Cornell University: Minimum wage hike boosts customer experience.

ENPNewswire-September 1, 2021--Cornell University: Minimum wage hike boosts customer experience

(C)2021 ENPublishing - http://www.enpublishing.co.uk

Release date- 31082021 - Cornell University: The ongoing debate over raising the national minimum wage generally focuses on the negative impact it would have on employers, but a new study finds it has a positive effect on a different group: consumers.

A research team that includes Vrinda Kadiyali, the Nicholas H. Noyes Professor of Management in the Samuel Curtis Johnson Graduate School of Management, at the Cornell SC Johnson College of Business, explored a path less traveled in the minimum wage debate - the potential positive impact on customer service.

Exploiting a natural experiment condition in Santa Clara County, California, the group was able to compare reviews of restaurants where the minimum wage increased versus those where the wage was unchanged.
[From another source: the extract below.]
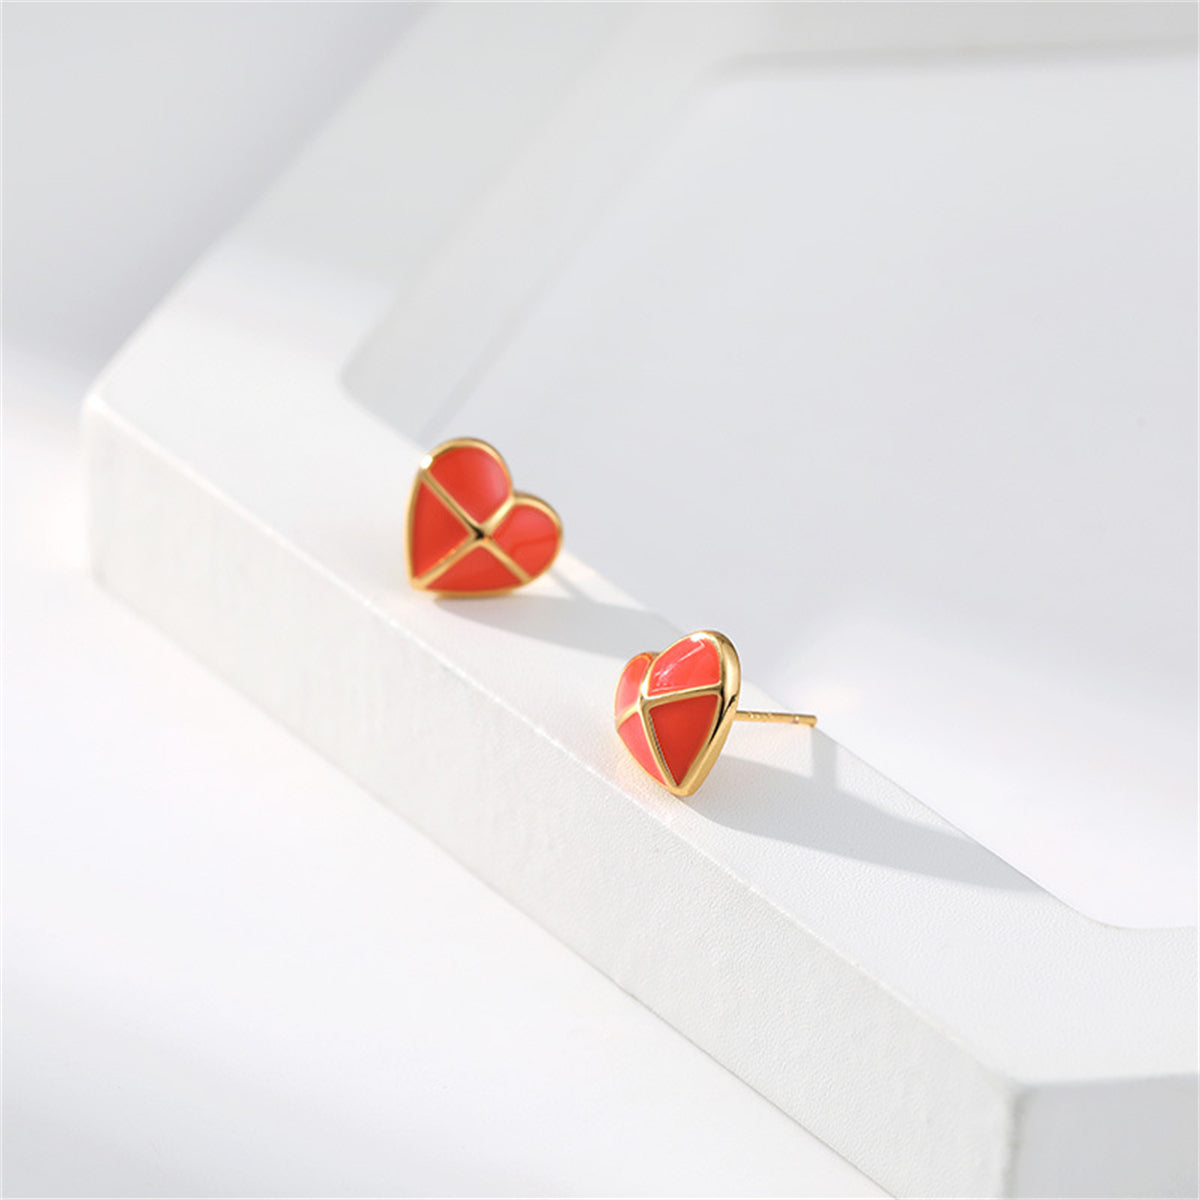 Red Enamel & 18K Gold-Plated Cross Heart Stud Earrings

The group found an improvement in the perceived service quality of those restaurants where the wage rose, including reduced negative discussion of the courtesy and friendliness of workers.

Their paper, 'The Impact of Increase in Minimum Wages on Consumer Perceptions of Service: A Transformer Model of Online Restaurant Reviews,' published Aug. 25 in the journal Marketing Science.

'Our data show that, for a particular class of restaurants, consumers benefit from an increase in [minimum] wage because employees are motivated and owners are motivated to provide better service,' Kadiyali said. 'The discussion around minimum wage has been all around how prices will go up, and consumers will be worse off. But we find, in our research, that consumers are happier with the overall quality.'

Kadiyali's co-authors were Dinesh Puranam, Ph.D. '16, assistant professor of marketing at the University of Southern California's Marshall School of Business; and Vishal Narayan, associate professor of marketing at the National University of Singapore Business School.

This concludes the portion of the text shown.